Because it is so smart and so carefully worked out, “Intacto” can be a bit hard to follow at times, but the effort it takes to understand what’s happening is well worth it. We may not be quite sure from moment to moment where the narrative is going, who’s playing who for a fool and why, but we always care, and that is saying a lot.

*

‘Intacto’

MPAA rating: R, for language, some violence and brief nudity.

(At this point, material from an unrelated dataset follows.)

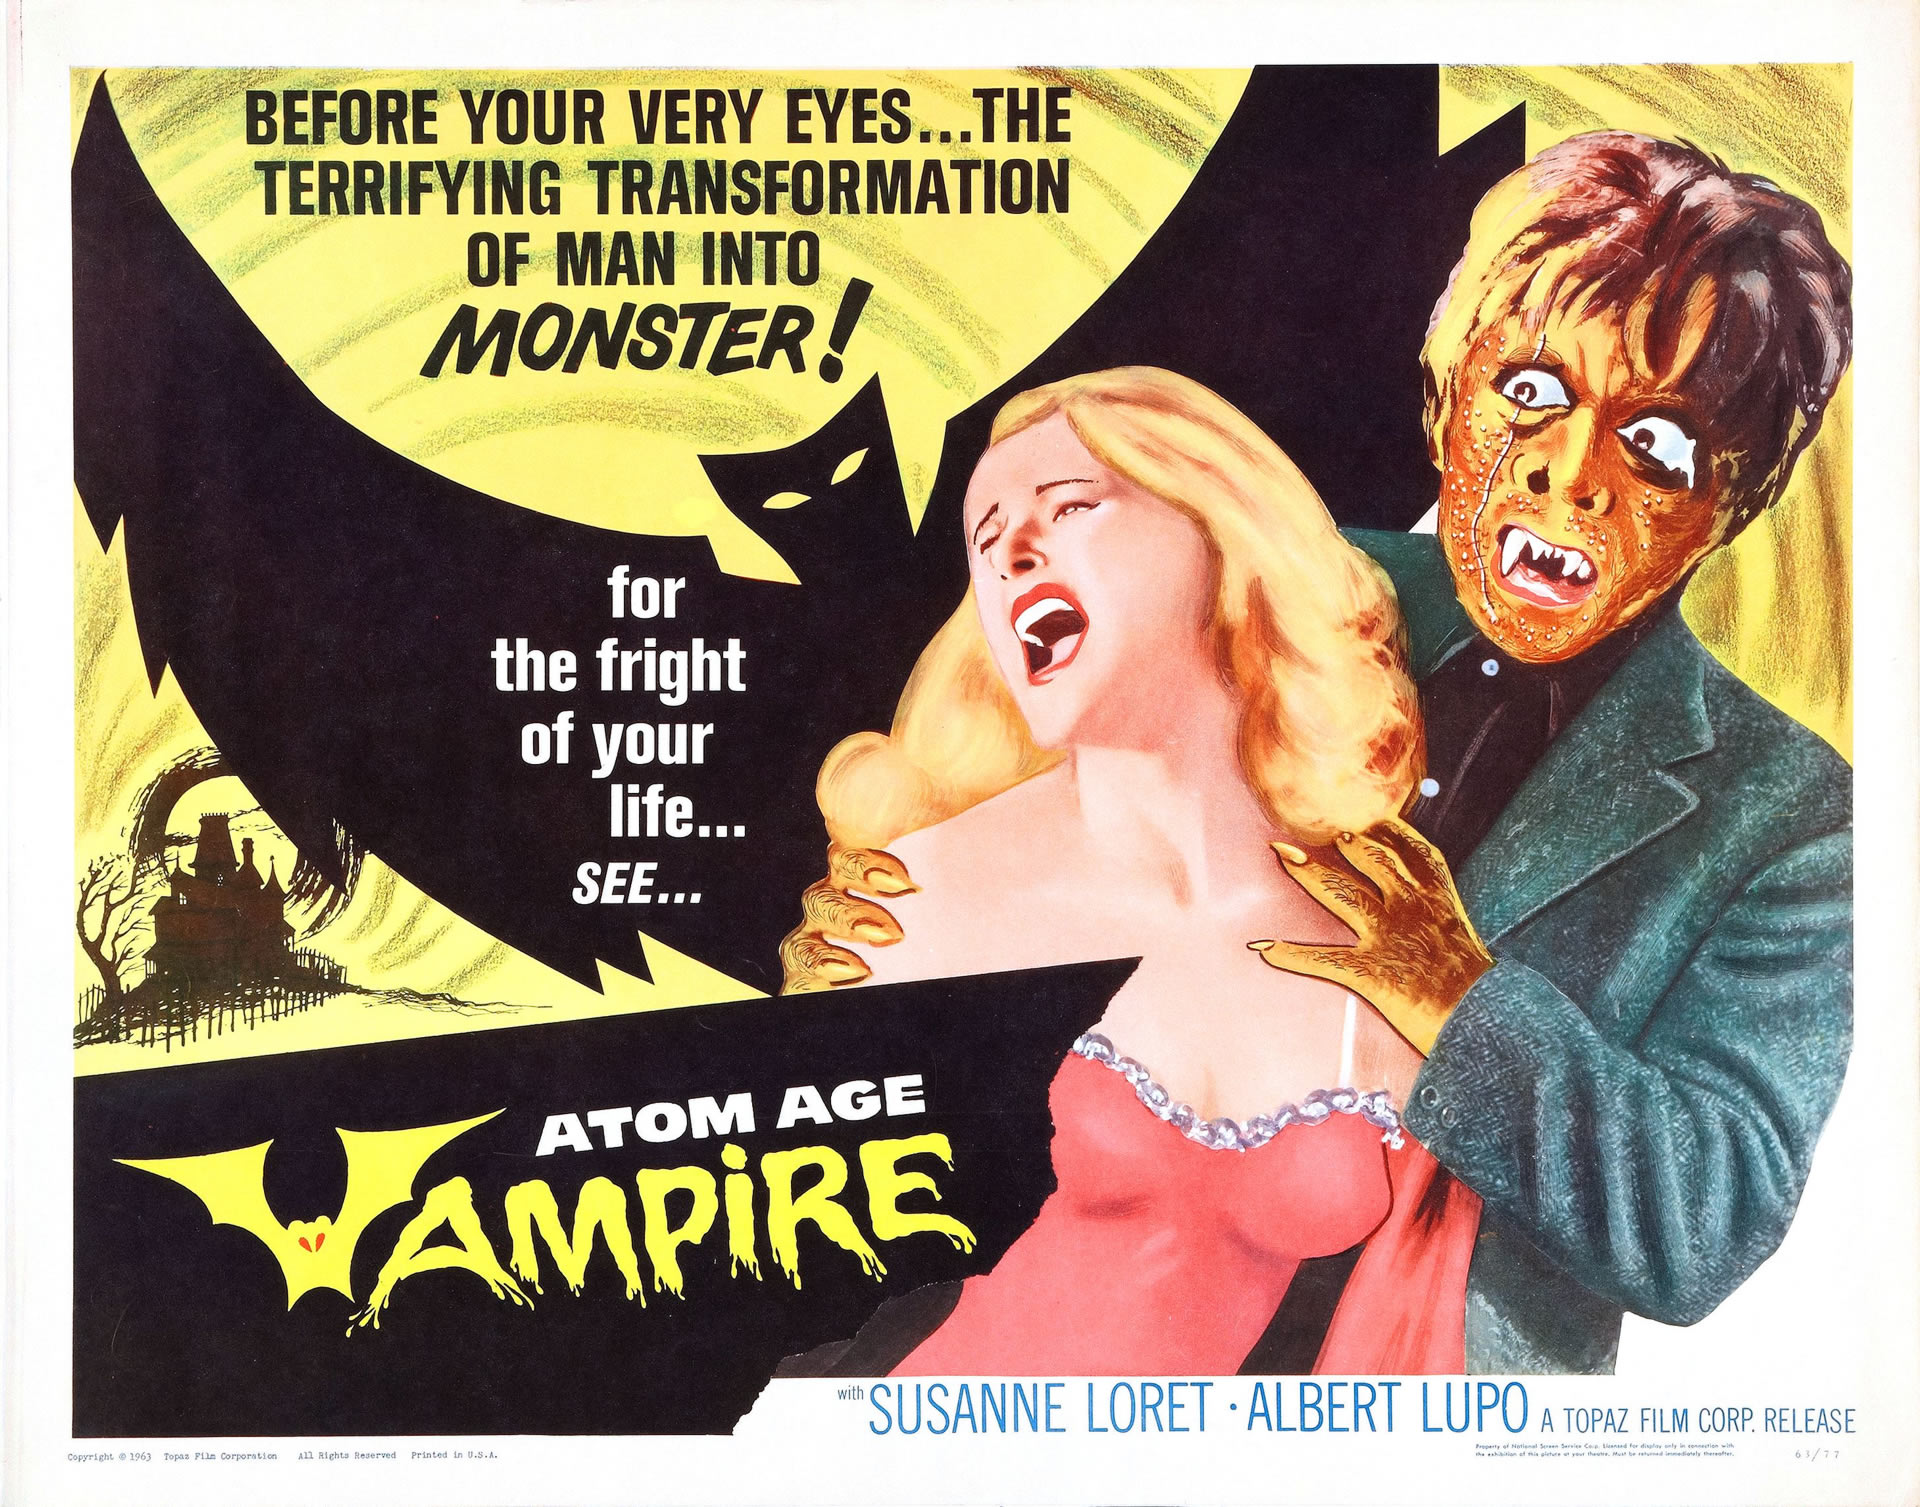 Atom Age Vampire - Vampire B Movie Posters Wallpaper Image

Times guidelines: Adult subject matter.

Max von Sydow...Sam

Leonardo Sbaraglia...Tomas

Eusebio Poncela...Federico

Monica Lopez...Sara

Antonio Dechent...Alejandro

Lions Gate Films presents a Sogecine production for Telecinco, with the participation of Canal+ Spain and the collaboration of Tenerife Film Commission, released by Lions Gate. Director Juan Carlos Fresnadillo. Executive producers Fernando Bovaira, Enrique Lopez Lavigne. Supervising producer Sebastian Alvarez. Screenwriters Juan Carlos Fresnadillo, Andres M. Koppel. Cinematographer Xavier Gimenez. Editor Nacho Ruiz Capillas. Costume designer Tatiana Hernandez. Music Lucio Godoy. Art director Cesar Macarron. Running time: One hour, 45 minutes. In limited release.